French painter and illustrator (1836–1902)

Jacques Joseph Tissot (/fr/; 15 October 1836 – 8 August 1902), better known as James Tissot (/ˈtɪsoʊ/ TISS-oh, /tiːˈsoʊ/ tee-SOH), was a French painter, illustrator, and caricaturist. He was born to a drapery merchant and a milliner and decided to pursue a career in art at a young age, coming to incorporate elements of realism, early Impressionism, and academic art into his work.

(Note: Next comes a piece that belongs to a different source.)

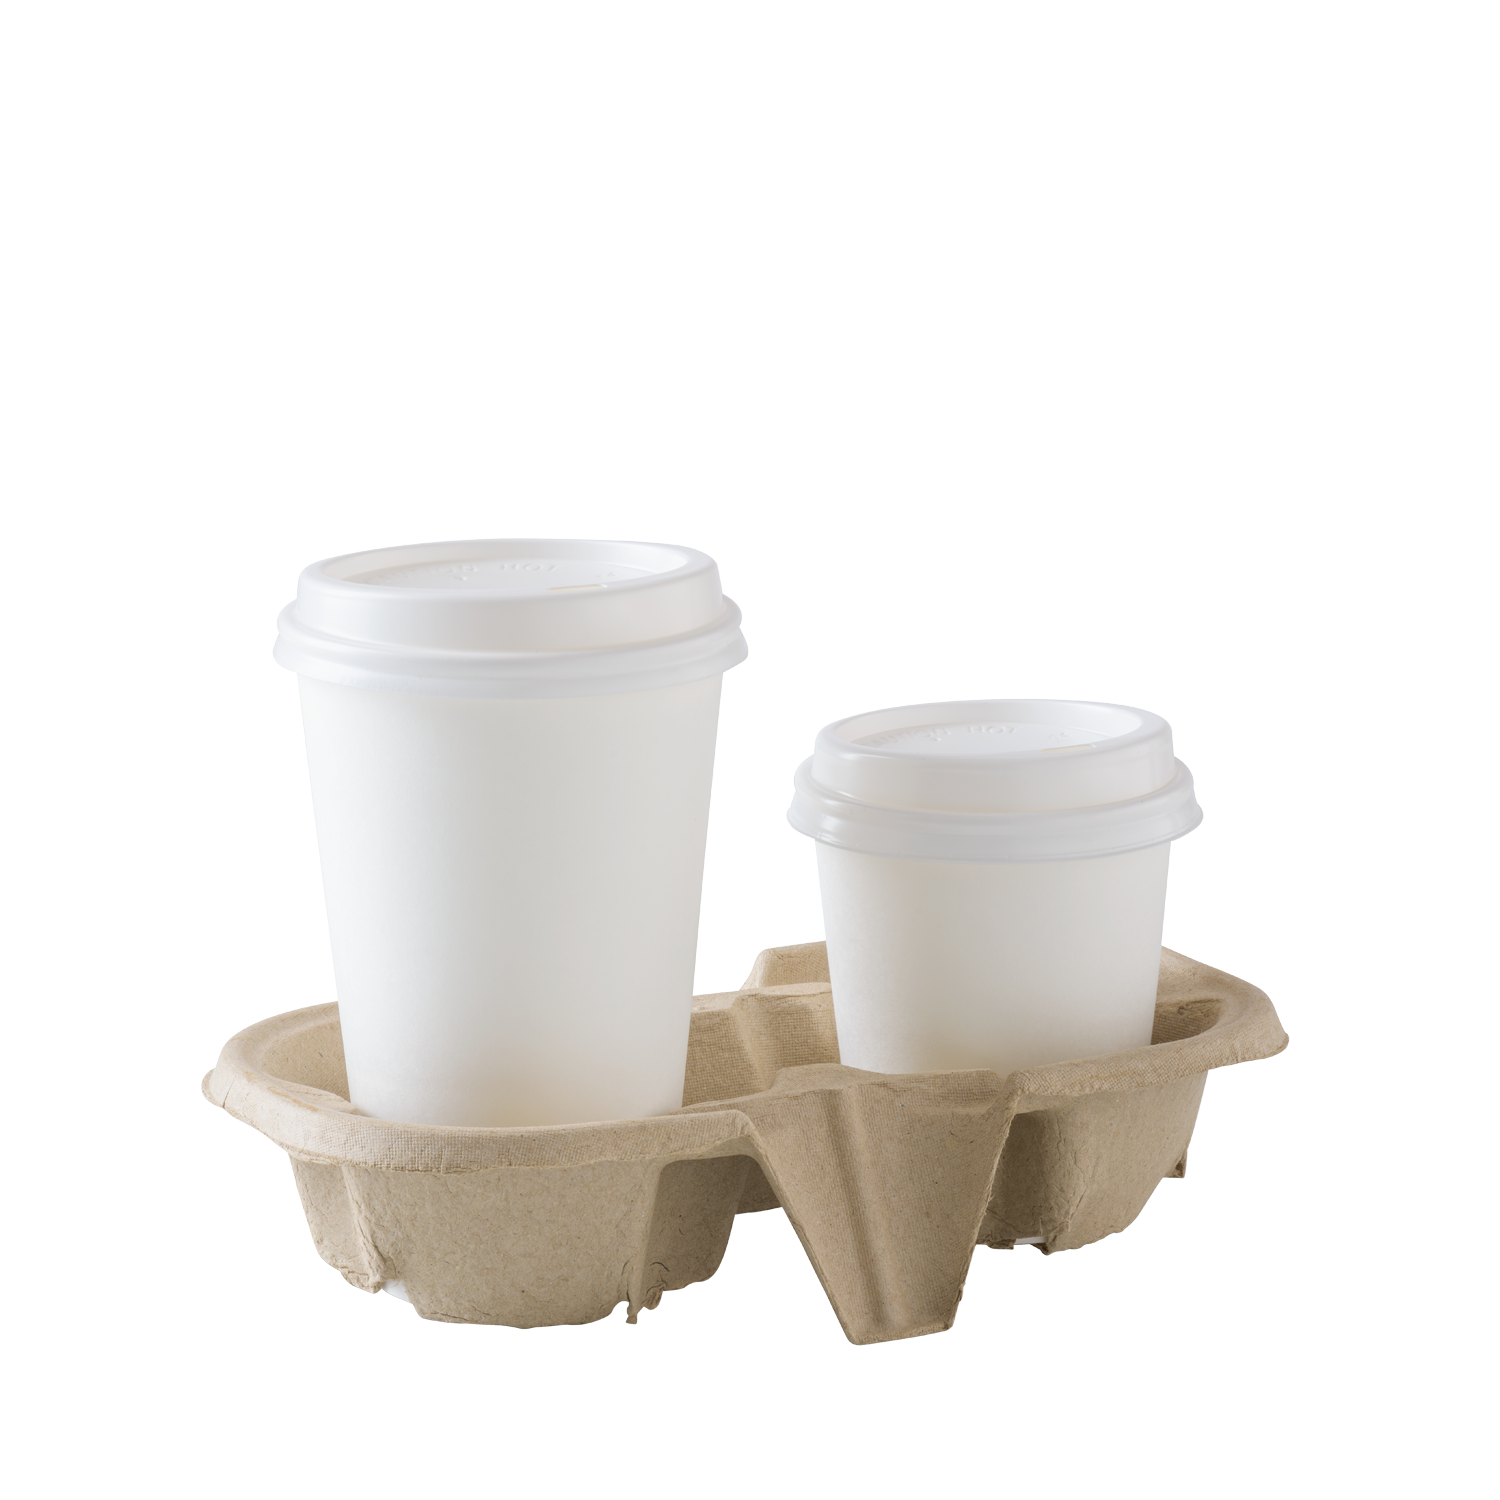 32oz Latte Super Sturdy Biodegradable 4 Cup Drink Carrier 25pk Tea or Soda Cups Compostable Cardboard Coffee and Beverage Caddy for Hot and Cold Drinks Disposable Pulp Fiber Trays to Handle Large

He is best known for a variety of genre paintings of contemporary European high society produced during the peak of his career, which focused on the people and women's fashion of the Belle Époque and Victorian England, but he would also explore many medieval, biblical, and Japoniste subjects throughout his life. His career included work as a caricaturist for Vanity Fair under the pseudonym of Coïdé.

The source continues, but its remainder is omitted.